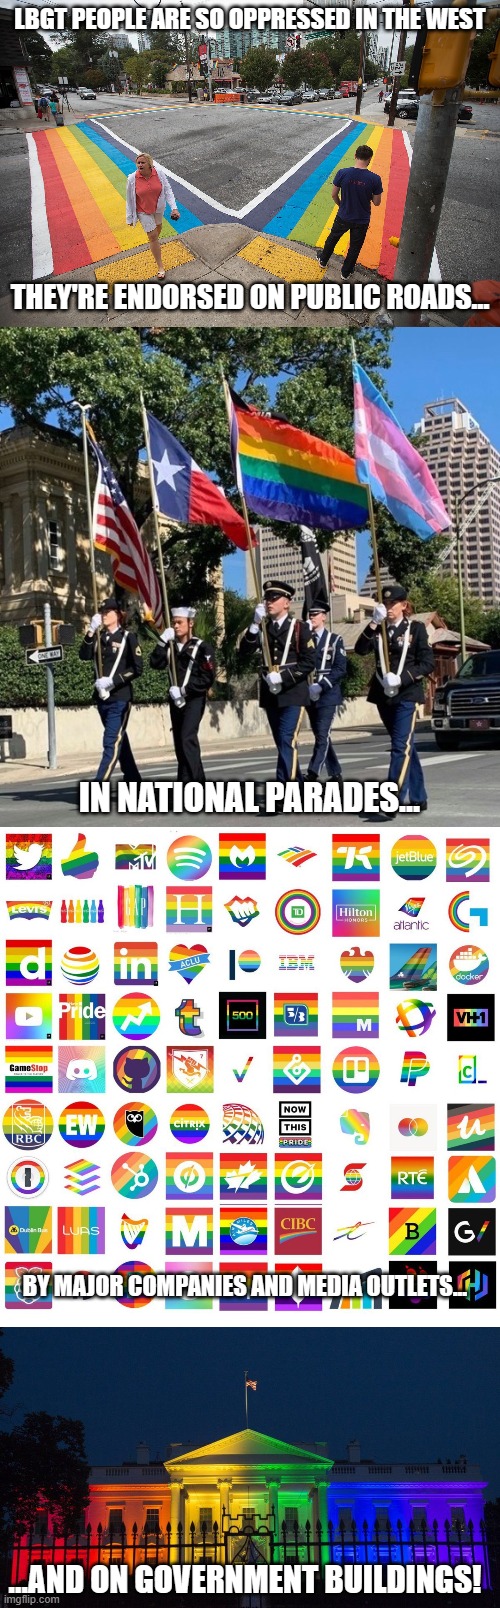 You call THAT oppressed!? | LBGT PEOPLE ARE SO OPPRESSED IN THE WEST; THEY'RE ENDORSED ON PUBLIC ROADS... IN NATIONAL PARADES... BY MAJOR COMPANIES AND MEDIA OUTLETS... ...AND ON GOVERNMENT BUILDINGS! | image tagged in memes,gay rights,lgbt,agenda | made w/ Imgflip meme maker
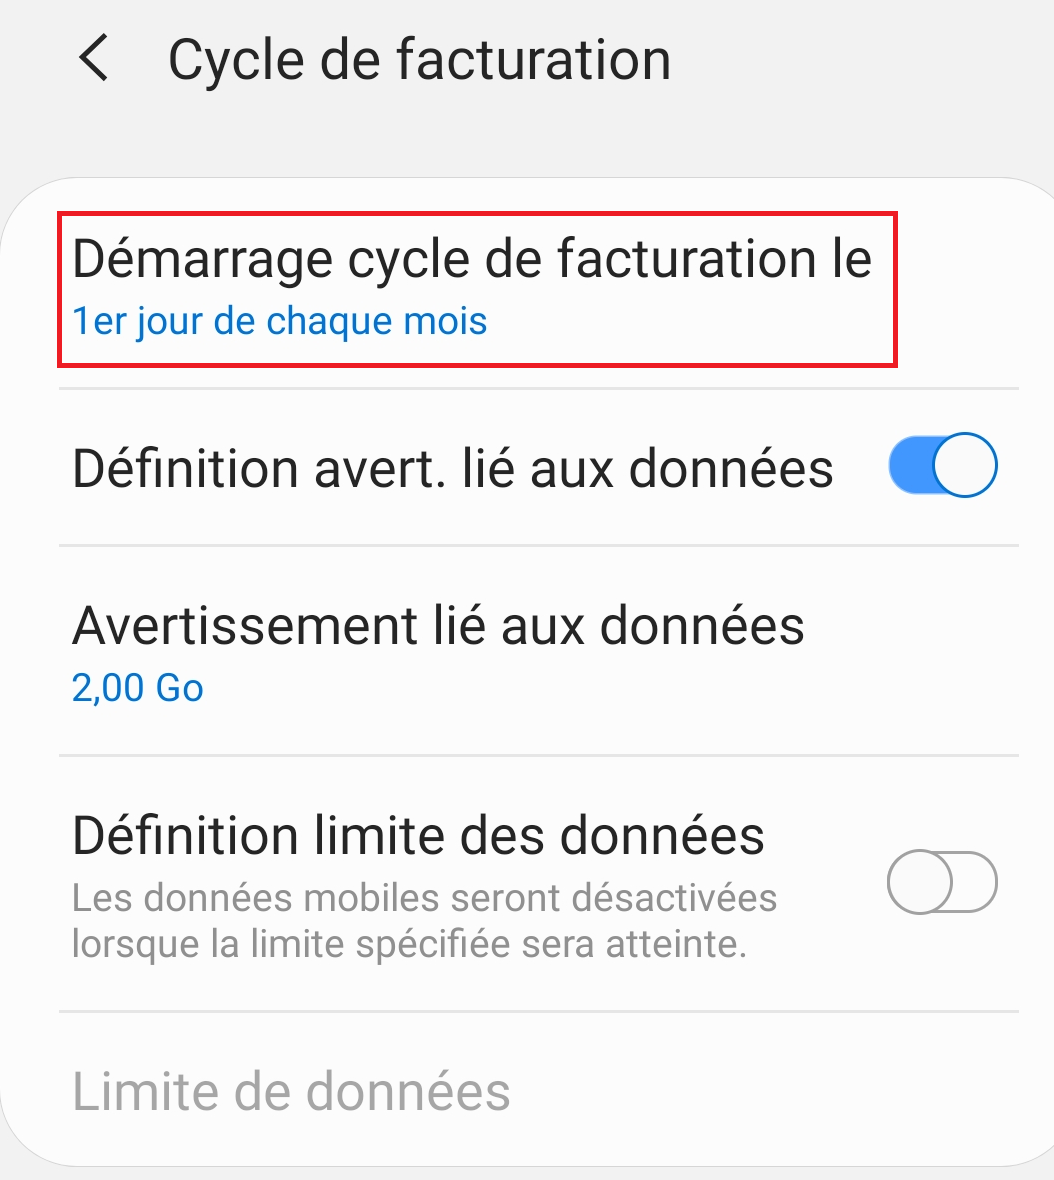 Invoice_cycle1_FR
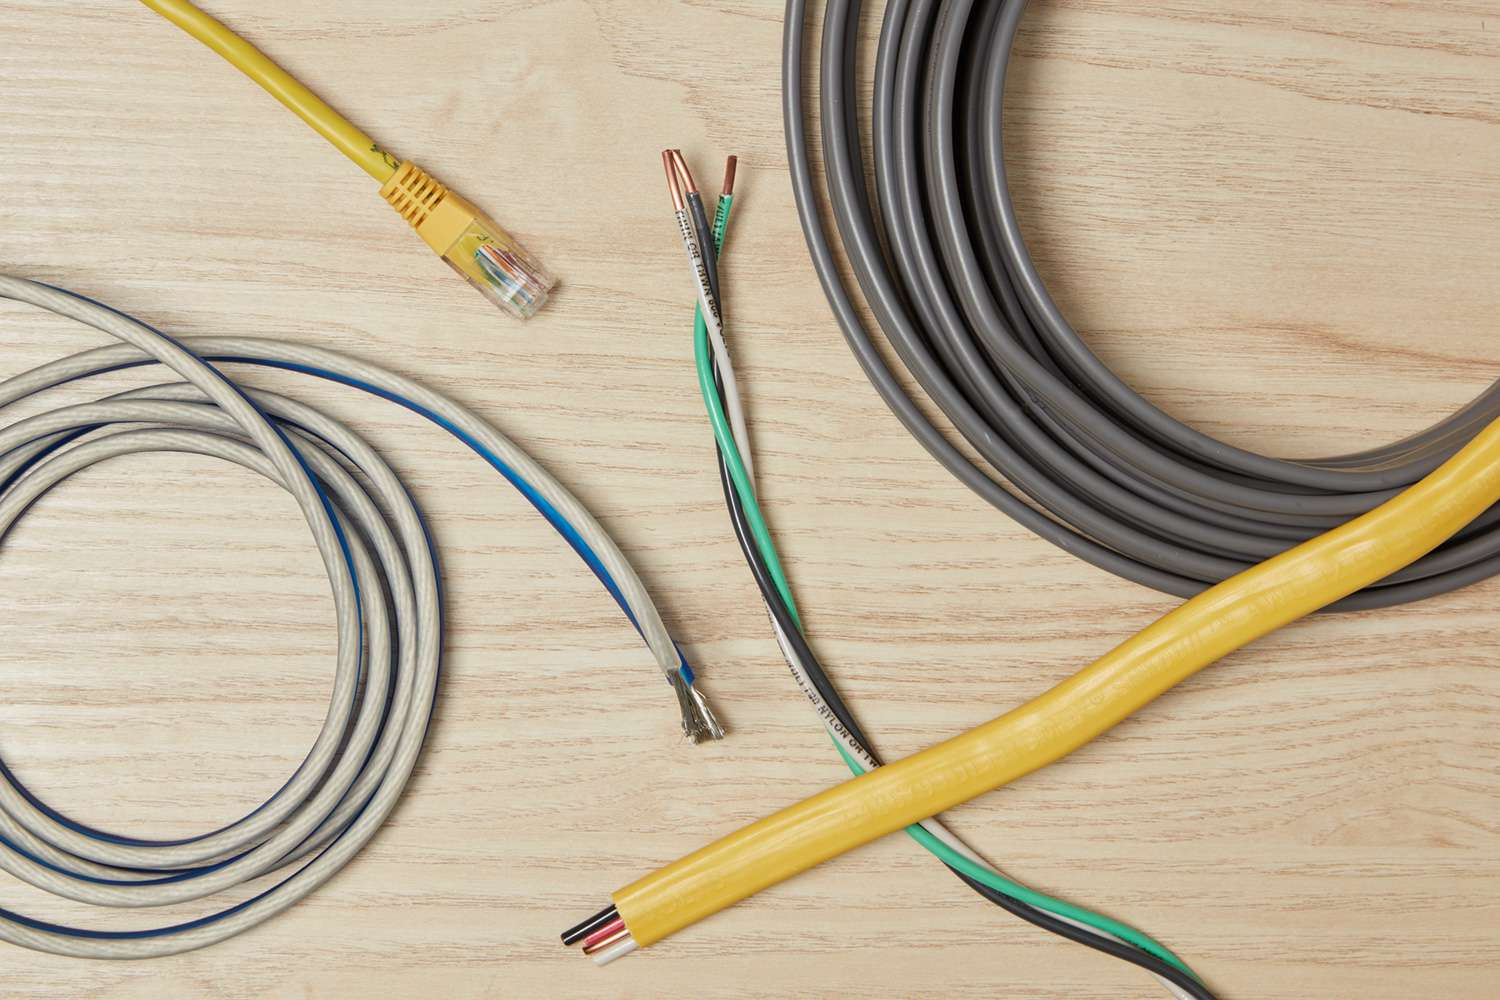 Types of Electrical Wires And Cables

(Task description): Print every line of the material above exactly as it reads, skipping the pictures.

(Exercise answer):
 You call THAT oppressed!? | LBGT PEOPLE ARE SO OPPRESSED IN THE WEST; THEY'RE ENDORSED ON PUBLIC ROADS... IN NATIONAL PARADES... BY MAJOR COMPANIES AND MEDIA OUTLETS... ...AND ON GOVERNMENT BUILDINGS! | image tagged in memes,gay rights,lgbt,agenda | made w/ Imgflip meme maker
 Invoice_cycle1_FR
 Types of Electrical Wires And Cables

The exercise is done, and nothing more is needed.